Sure, but considering GitHub doesn't have advertising[1], and they're not sending it to a third party (like Google, who does), it's very hard to imagine any use for first party "tracking" that might harm you.

Presumably the most they're using this for is recommending potentially interesting repos to you.

[1] Potential concern would be if "Microsoft" was considered "their own", since Bing does have an ad network. But my guess is between still having separate accounts and being treated as separate companies, that is not the case here... yet.

Remember that they have LinkedIn as well, and quite possibly could put together a fascinating view of software job profiles, candidates, and repo language/activity to gain value entirely within their own organization. Something like LinkedIn recruitment recommendations improved with GitHub contribution activity might be a fascinating recruitment product: ads are not the only way to gain value.

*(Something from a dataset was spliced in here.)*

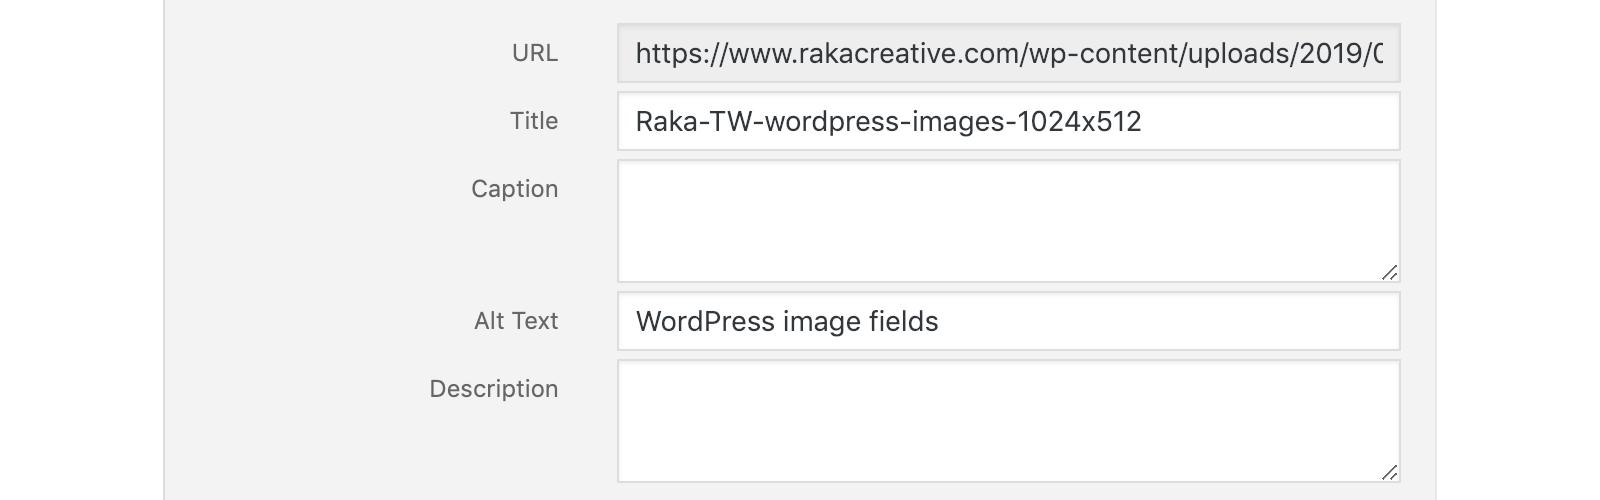 Optimizing WordPress Images: Title, Alt, Description, Huh?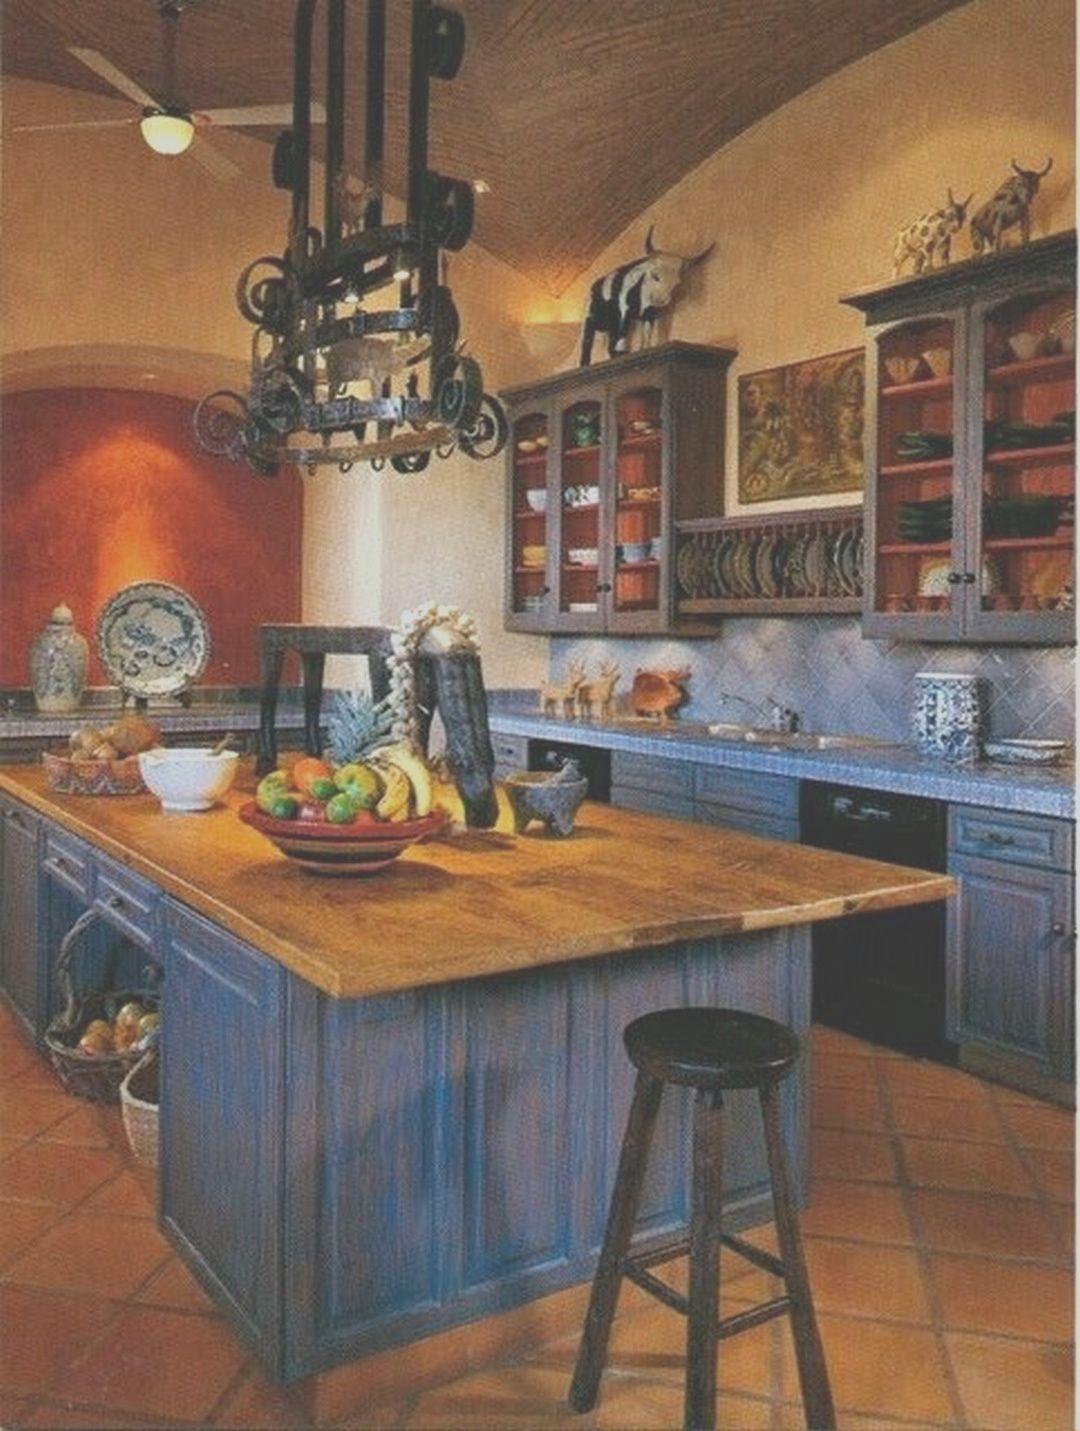 8 Fabulous Kitchen Mexican Decor Stock In 2020 Mediterranean Kitchen Design Spanish Style Kitchen Mexican Kitchen Decor

Yeah, I think my comment is still applicable as is: The risk here is entirely dependent on whether or not "first party" means "GitHub" or means "Microsoft and it's various properties".

My guess is that, at least, for now, it refers to GitHub, as you agree to GitHub's Terms of Service, which doesn't actually mention Microsoft as a party.

I get ads on GH homepage for open positions. They seem targeted to me or maybe I just notice the relevant ones.

Wait, Google isn't sharing your analytics data with any third parties.

Google usually is the third party, when people are talking about analytics. GitHub removed third party analytics, like Google.

And while Google keeps it's data horde on you to itself, it definitely sells access to you in numerous harmful ways.

What matters is the purposes that the cookies are used for, not how many there are or which service set it.

A session cookie that is also used for tracking would qualify as both a functional and a tracking cookie, and thus generally be illegal (since you can't consent to the tracking if it's under the threat of being unable to use the service).

They appear to be using a self-hosted analytics solution. Every page makes a request to collector.githubapp.com.

I presume this is indeed what they're doing given the wording of the post:

"(And of course GitHub still does not use any cookies to display ads, or track you across other sites.)"

That exactly leaves out "track you on our own site". But honestly, I have absolutely zero issue with them tracking my behavior on their own site. I know how valuable it is to be able to learn/see what users are doing, and they should absolutely be able to do that.

Tracking individual behaviour on their own site without notification is still illegal under the GDPR, so no, they should not absolutely be able to do that.

The GDPR isn't about "3rd party analytics". It's about collection of personal data as qualified by the purpose of that collection, regardless of who collects it.